Still, I had sat there, and wondered how I'd felt about it. If I felt the same for them as I did for myself when I took my own vows. And after having seen this ceremony as many times as I have, the feeling hasn't really changed. There's a particular respect involved, knowing from experience just what exactly it means to give up almost everything you know. That it's a matter of utter faith, the belief that the choice you're making is the right one. But you'll never know if it was. Maybe not for years. The feeling that it's something you should be doing, but wondering, for time after if it was the right thing. I suppose I'm speaking for myself more than anyone else, but for me, it was a fine line. Some people don't falter and hesitate, born and made for this kind of life, and that there was no question involved in it. Others second guess. Bree never hesitated. I still wonder. Could be that's just how siblings are.

But could that just be how things are. Could be that's apart of the larger plan. That I'm supposed to wonder. Bree likes to say she's sure of everything she does. Not sure I ascribe to that. Certainty has an odd way of blinding you. She would say I second guess too much. She's probably right. I don't question my devotion or my duty or dreams. That's never been the issue. Only this nagging sense that I could've done better or differently. That kind of thinking will drive a person to drink. I suppose it's an effort to keep myself open minded. Grounded and level.

I'm not sure where I was going with all this, I feel like I'm rambling at this point. Just something I was thinking about, I suppose.

Written By Brannen

July 31, 2018, 7:57 a.m.(4/18/1009 AR)

I need to get in contact with a smith about getting a dent out of a breastplate.

For clarity's sake the dent in question is butt-shaped.

Is this going to be a problem?

Asking for a friend.

Written By Brannen

May 7, 2018, 3:18 p.m.(9/13/1008 AR)

Relationship Note on Rook

Some time ago, a man came to the shrine.

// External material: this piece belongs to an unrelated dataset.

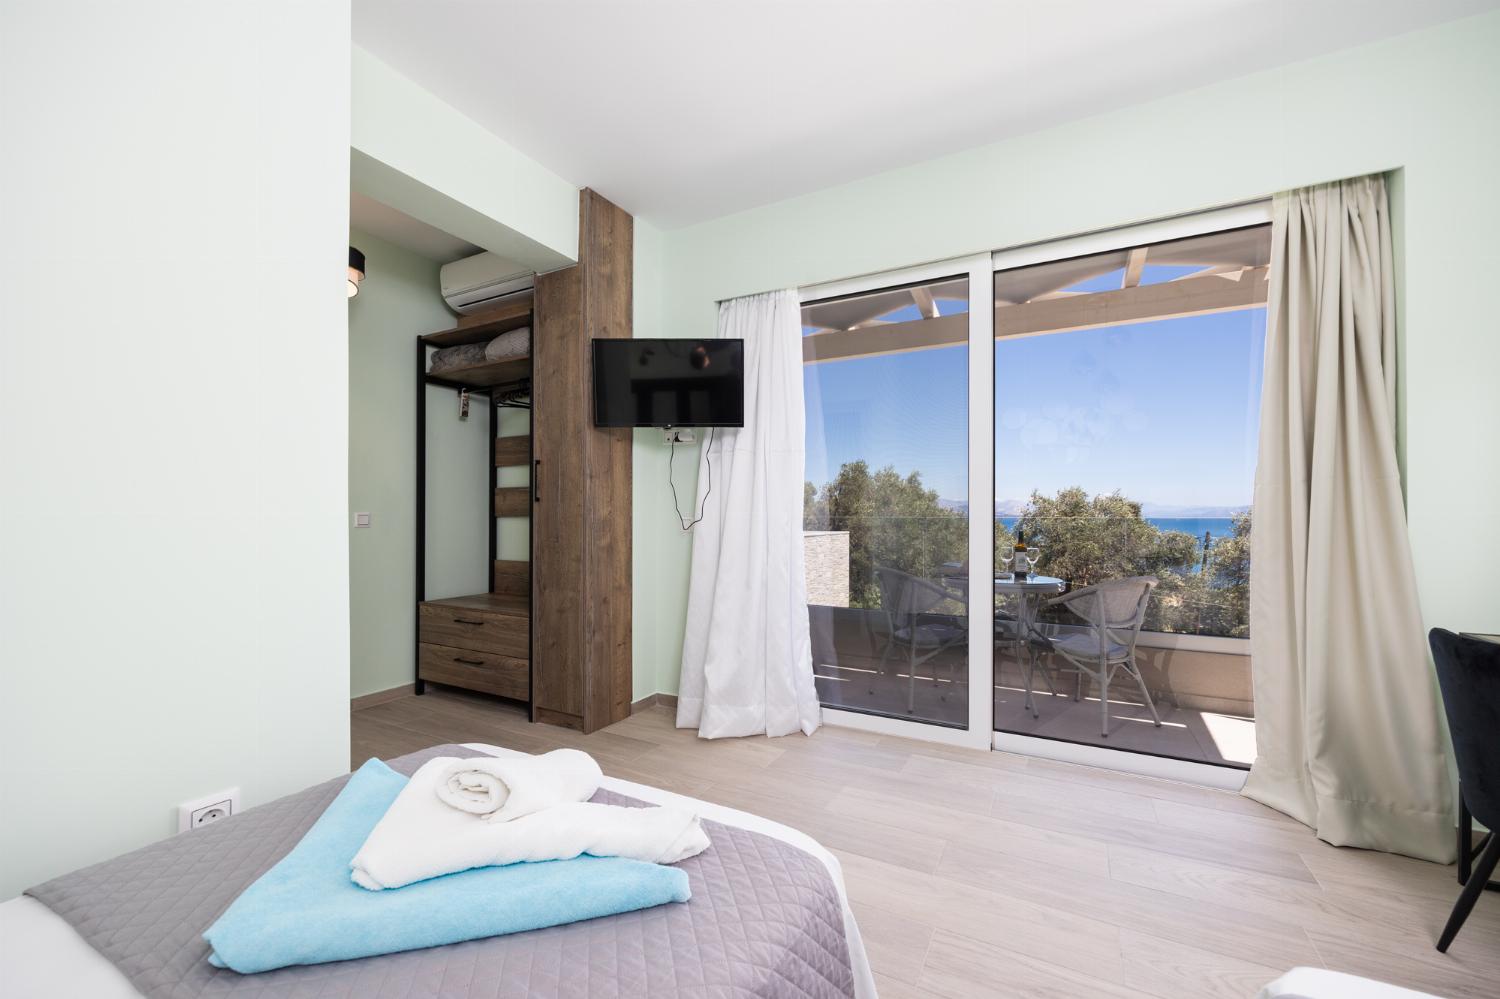 Twin bedroom with en suite bathroom, A/C, TV, and sea views

He knelt down not far from me in silent prayer while I was washing clean the bricks. In manner and movement, I took him for highborn and might have never thought him otherwise had he not gently corrected me. He bore with him a finely crafted wooden chest. Once opened, it revealed a wealth of contents the likes of which I scarcely could imagine. With great humility, he asked that it be kept watch over for a period of timeā€¦ at the end of which, the gilded contents -- surely worth a lifetime of earnings for any man or woman -- be gifted to the Gods. This was done with neither fanfare, nor pageantry, nor any public credit given.

Written By Brannen

April 25, 2018, 1:13 p.m.(8/13/1008 AR)

Well, we've certainly raised the bar on these tea and coffee puns!
These are so good, it's hard to keep track of the big pitcher.
People seem to have gone ale out!

Written By Brannen

April 18, 2018, 1:34 p.m.(7/27/1008 AR)

Having escorted members of an Oathlands chapter of Mercies following loosely in the wake of the Arx missionary precession, it seems my arrival here in Arx predates that of my sister not by minutes as is our custom but rather, what is likely to be many, many days. The city is not unlike how it's often been described and for that, I can be thankful. We share barracks here with the Templars, so one is not left wanting for the sounds of bustling life all around. A daily routine, once formed, will be a great comfort to me.

Though I've not yet had the pleasure of coming face to face with the superiors to whom I am to report, their reputations precede them. Their names are rarely spoken here in Arx without affection or high esteem, lending to my belief that the pair of us coming here may indeed help to clear this dark cloud from above our heads.